Arizona elections chief criticizes policies used in Maricopa County ballot recount

 In March, when it was clear that the Republican-controlled Arizona Senate planned to recount presidential votes in the state’s most populous county, Democratic Secretary of State Katie Hobbs sent a letter urging the Senate president to adopt strict guidelines to ensure the results could be trusted.

Instead, President Karen Fann farmed out the recount to a supporter of election conspiracy theories with no recount experience who refused to share details of how the count would be done until a court ordered the disclosure and the recount was well underway.

That decision and others, including allowing a former state GOP lawmaker who was at the Jan. 6 U.S. Capitol insurrection to count ballots, seem destined to taint the results of the recount that Republicans who control the Legislature say is needed to craft election law reforms.

"When you’ve got half of the people that do not trust the electoral system anymore, rightly or wrongly so, if they have questions, who is responsible for answering these questions," Fann said in a Tuesday interview with Phoenix radio station KTAR. "How do ... we put election integrity back into our system. And that’s only what this has been about."

However, the recount has been contentious. Cyber Ninjas, the company hired to do the audit, initially refused to release its policies and procedures for re-tallying by hand the 2.1 million ballots in Maricopa County, where President Joe Biden defeated former President Donald Trump.

Counting started on April 23, after the state Democratic Party won a court order requiring the company to follow the law on ballot and voter secrecy and to file its policies with the court. Those policies were finally released Thursday, and by Friday criticism was piling up.

For example, the policies allow counters to accept a large enough error rate to perhaps show Trump won the state. But such an outcome would not change the outcome of the election because the results were certfied months ago in the state and Congress.

If a miscount is determined, it could, however, boost the unsupported argument of Trump and his backers that election fraud and malfeasance lost him the White House.

Bo Dul, state elections director, ticked off a series of issues with the documents that were released under court order, noting they seemed haphazard, lacked specifics and left much room for interpretation — something that’s never allowed in ballot counts.

"They kind of confirmed what we assumed all along, is that there aren’t established and adequate policies and procedures in place to really do this in any way that can yield reliable results," Dul said Friday.

She noted that the training materials for vote counters was a simple PowerPoint presentation dated the day after the recount started. The guidelines for the digital examination of voting machines appeared to be a document copied and pasted from a 2020 federal document with nothing specific about the state Senate audit.

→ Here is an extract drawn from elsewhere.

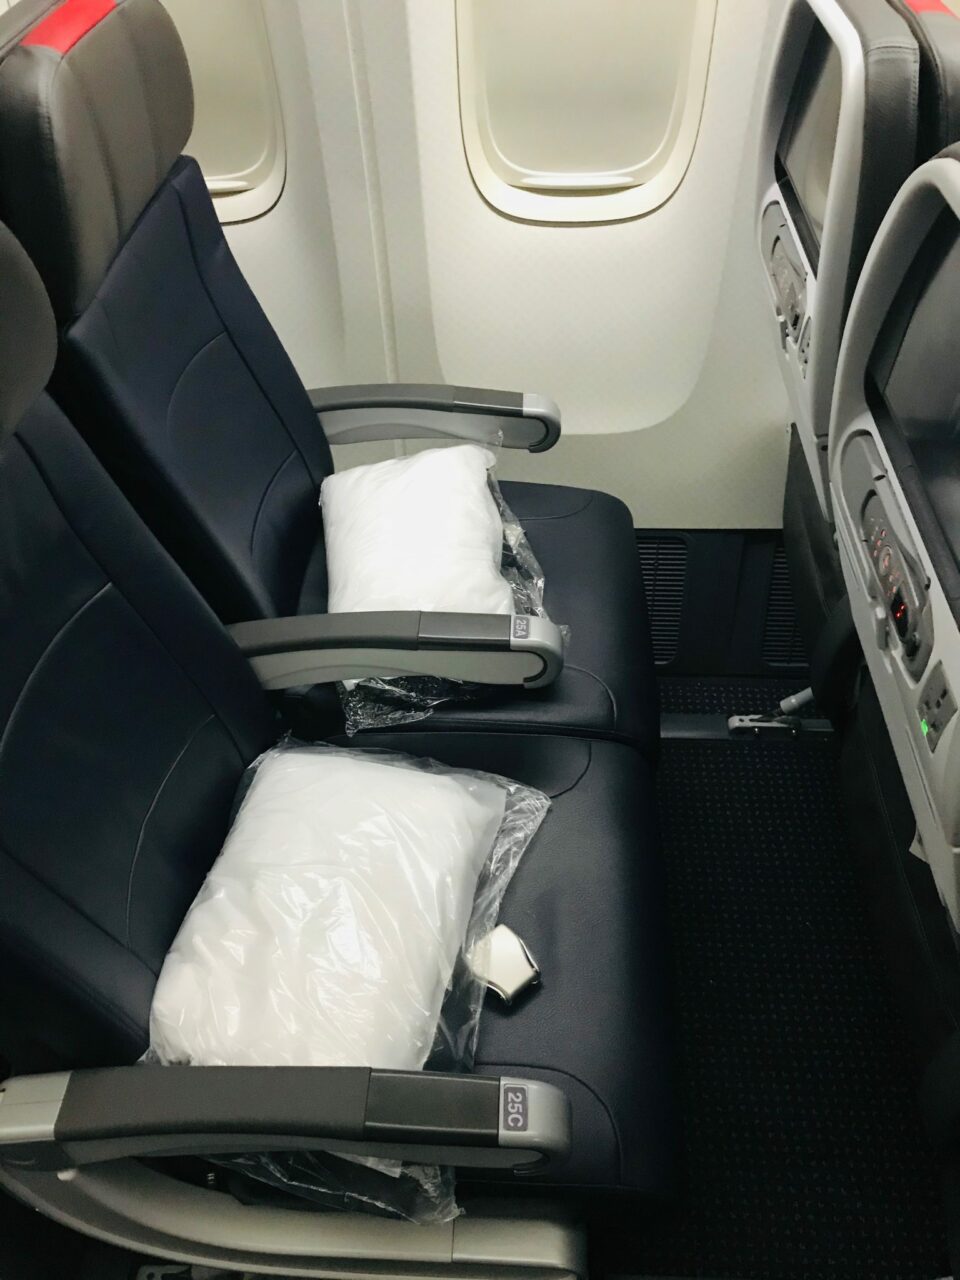 American Airlines economy class seat 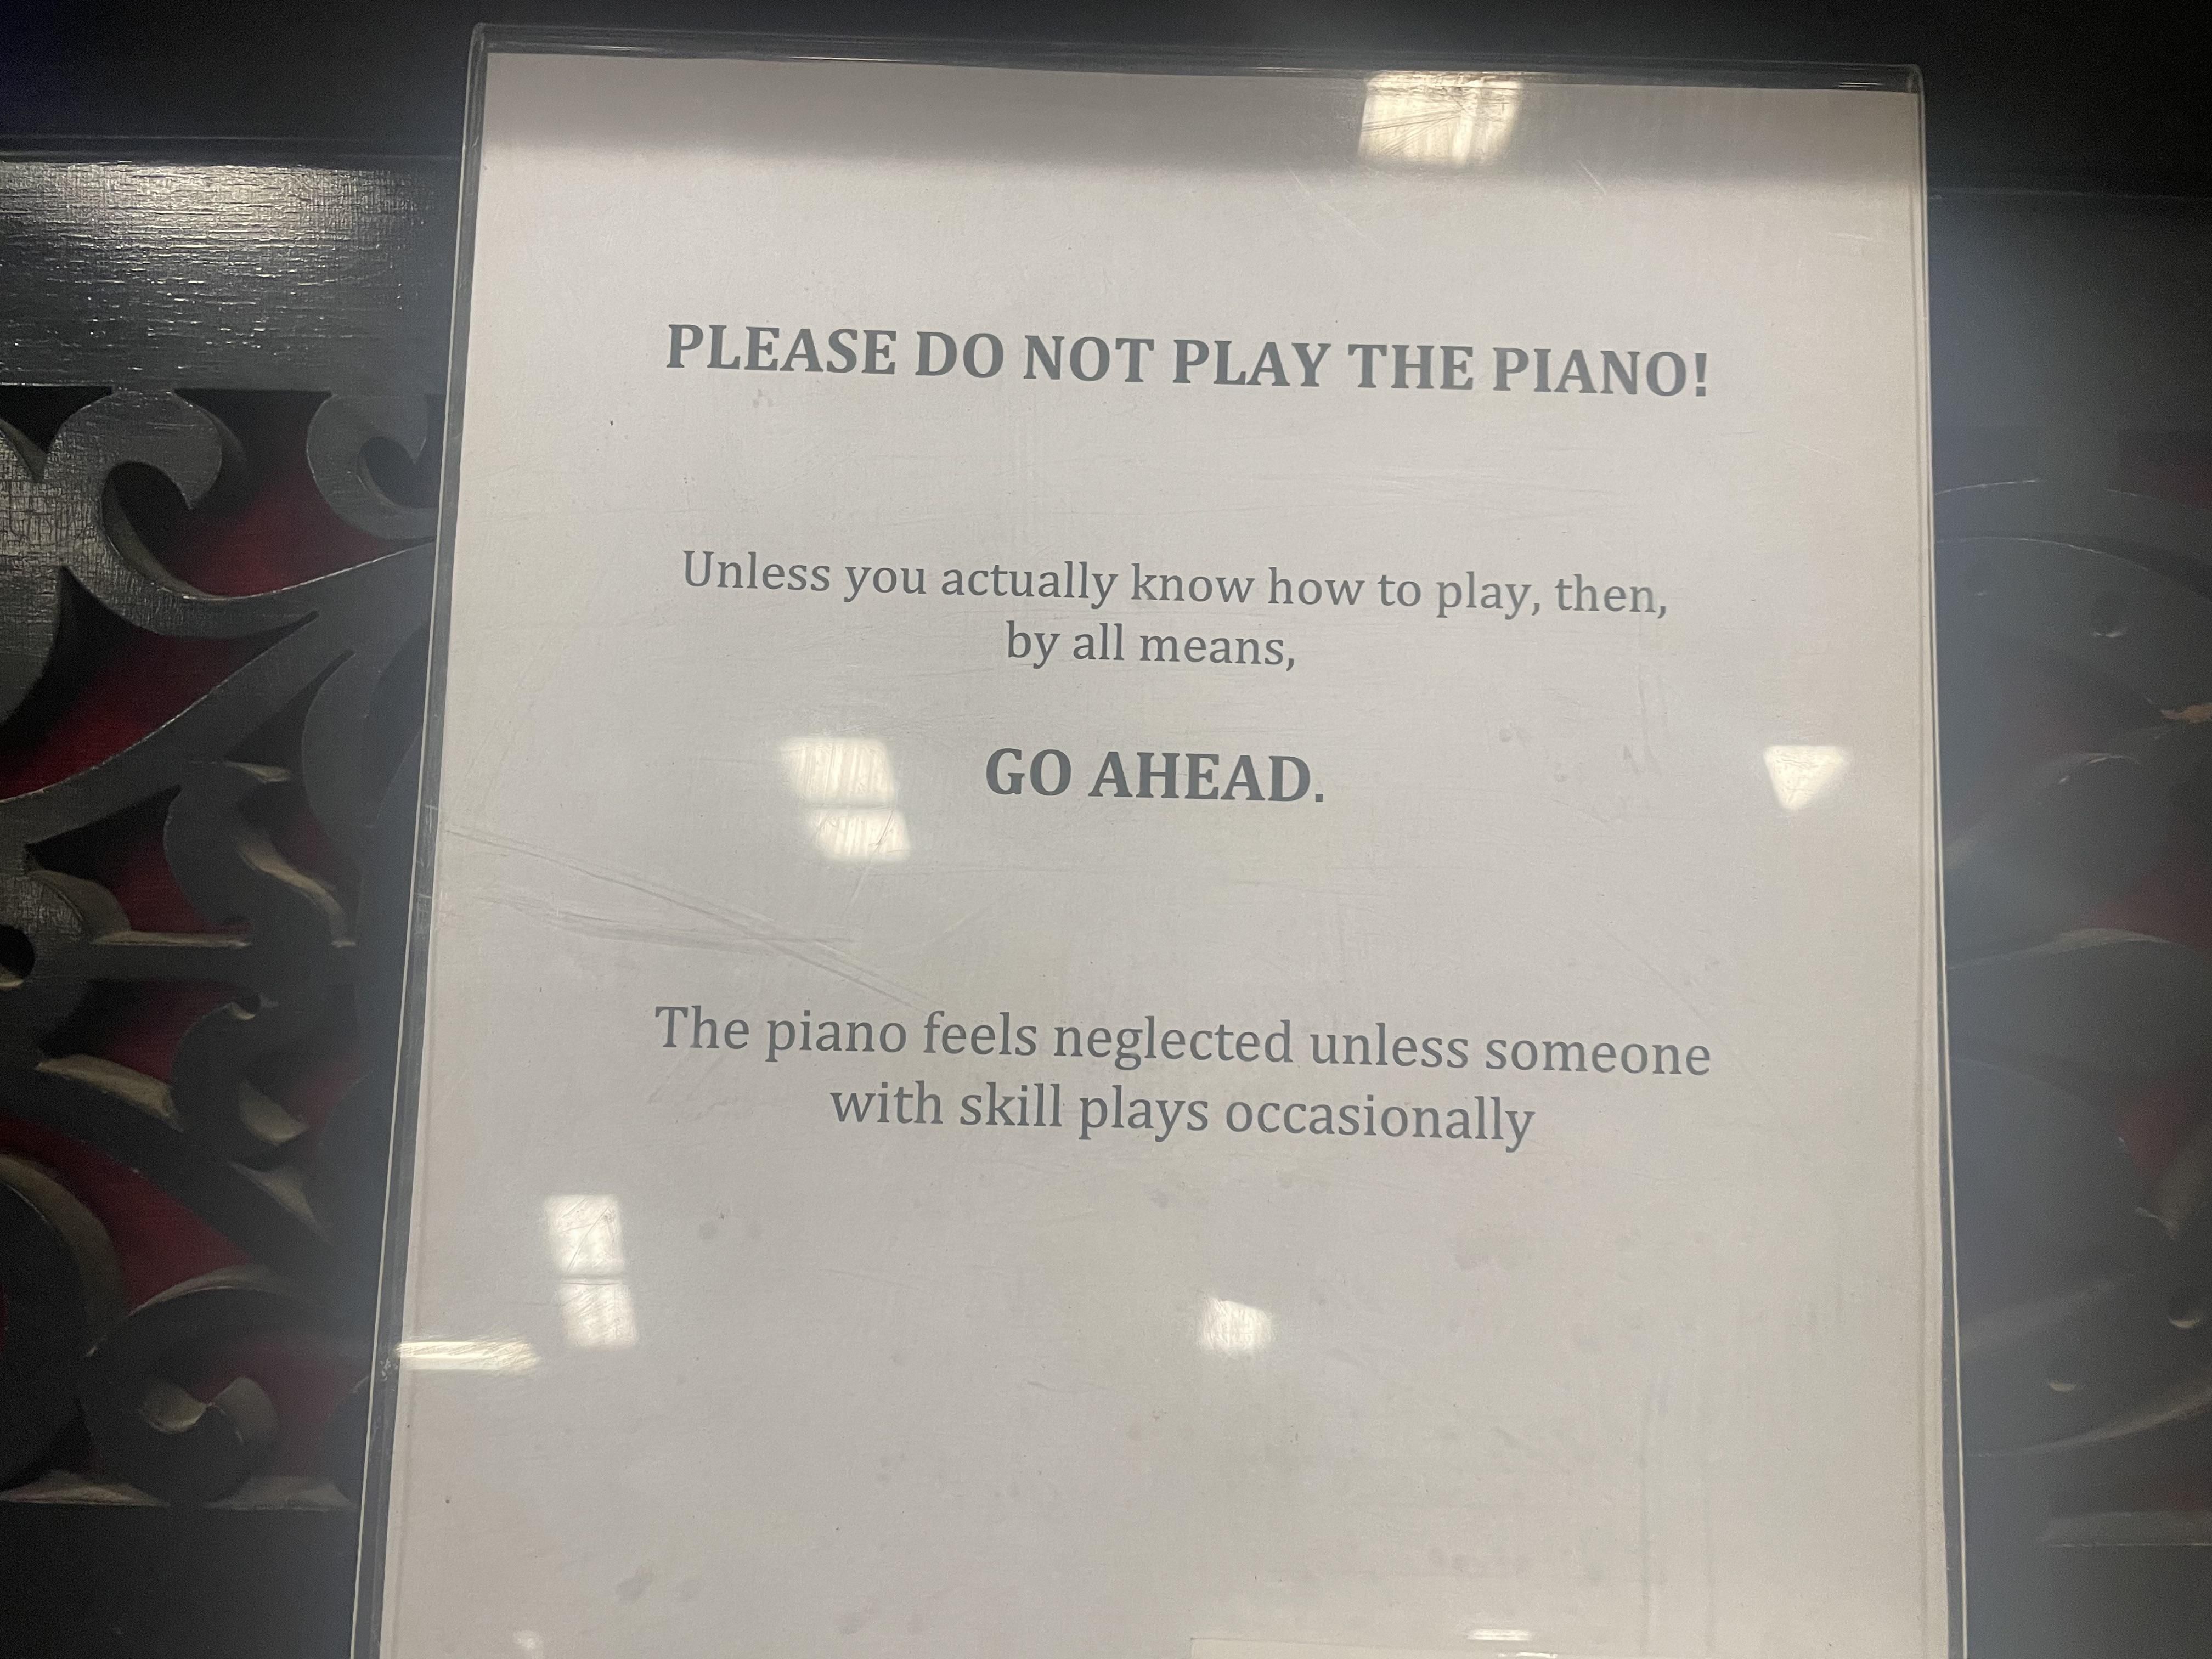 Went to museum and they had a working piano they had this sign

Dul also said there were no policies for determining voter intent on a ballot where it wasn’t clear, something that is critical in a hand count.

Florida-based Cyber Ninjas did not initially allow journalists into Veterans Memorial Coliseum, the site of the recount where the ballots were laid out on tables. After several days, the media was allowed in but only in limited numbers under a pooling deal worked out by media attorneys.

The reporters mainly reported mundane counting procedures until Friday, when a pool reporter spotted a Republican counting ballots who lost his November re-election bid and who was at the U.S. Capitol during the insurrection in January.

Former Rep. Anthony Kern has been outspoken in his belief that Trump’s victory was stolen. He has denied entering the Capitol while participating in the rally headlined by Trump.

The reporter who spotted Kern and tweeted his picture was later ejected for doing so.

Meanwhile, former Arizona Secretary of State Ken Bennett, who is acting as the Senate’s liaison to the recount, watched as nine machines used to count early ballots were loaded onto trucks to be sent back to Maricopa County offices. Also returned were computer servers that tell the machines how to operate and compile the vote counts, said Megan Gilbertson, spokeswoman for the county Elections Department. Still in the Senate’s hands are 385 smaller machines used at Election Day polling places to count ballots.

The county does not know what Cyber Ninjas or the companies it has hired did to the machines, which were supposed to be subject to a forensic computer examination. The county leased the equipment from Dominion Voting Systems for three years at $6.1 million.